Иногда приходит пронзительное – от досуществования – чувство в лоне природы, приходит отгадкой самой жизни, которая зарождалась, обретала плоть, пульсацию и, оборвав пуповину, ушла в мир, но рубец обрыва ноет всю жизнь тягой возвращения в безбрежность бытия, а именно здесь, в горах, безбрежность ощущается особенно остро, ибо налицо, отчетлива, одинока, сокровенно прислушивается к самой себе; на миг ощущаешь возвращение к единому целому как некую репетицию последнего слияния, и нет в этом ни грана от смерти и тлена, и все же становится не по себе, и я начинаю суетиться, греметь бидонами, варить который раз макароны, заправлять их томатной пастой, чтобы услышать свое самое будничное присутствие в этом мире.
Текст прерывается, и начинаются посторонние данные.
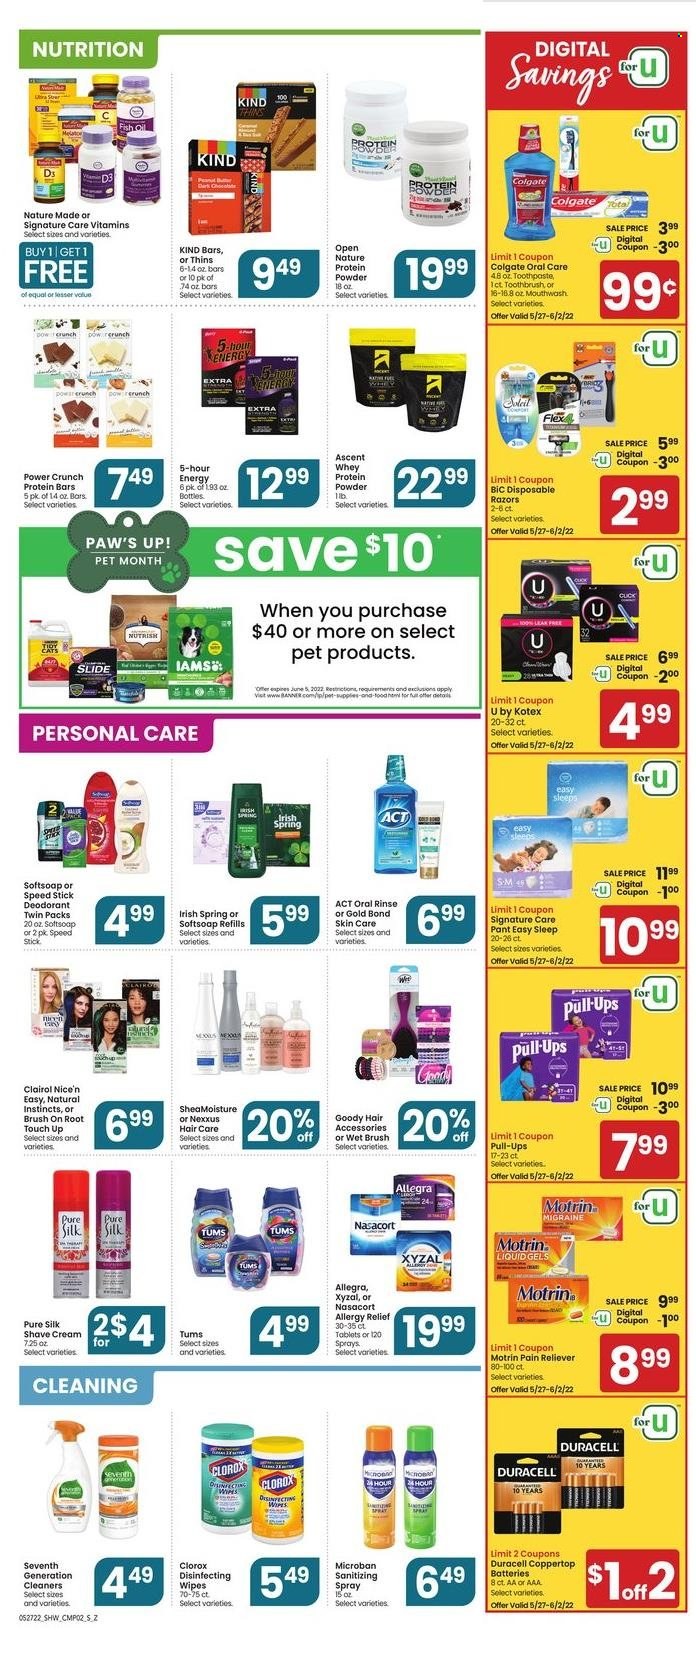 thumbnail - Shaw’s Flyer - 05/27/2022 - 06/02/2022 - Sales products - chocolate, dark chocolate, Thins, protein bar, oil, peanut butter, wipes, Clorox, Softsoap, Colgate, toothbrush, toothpaste, mouthwash, Kotex, Clairol, Nexxus, anti-perspirant, Speed Stick, deodorant, BIC, shave cream, disposable razor, battery, Duracell, Iams, Nutrish, fish oil, Nature Made, whey protein, allergy relief, Motrin. Page 6.

В одно из таких мгновений у палатки возникает существо с выгоревшими бровями, вихрами цвета соломы, с огромным рюкзаком, в панаме, как будто намеренно имитирующее Паганеля, по-хозяйски вторгается в палатку, сбрасывает груз на свободную раскладушку, с развязностью, явно не идущей его подслеповатому лицу, представляется бой ко Владленом Бой ко, ботаником, младшим научным сотрудником института.
– Вы, кажется, студент, э-э-э… Какого курса? – щурит он глаза с белесыми, словно сожженными ресницами и, кажется, собирается мыть ноги водой из бидона.
– Это вода для питья, – говорю я жестко, – а мыть ноги идут к речке, вон туда, километра два, или приносят сюда воду в ведре.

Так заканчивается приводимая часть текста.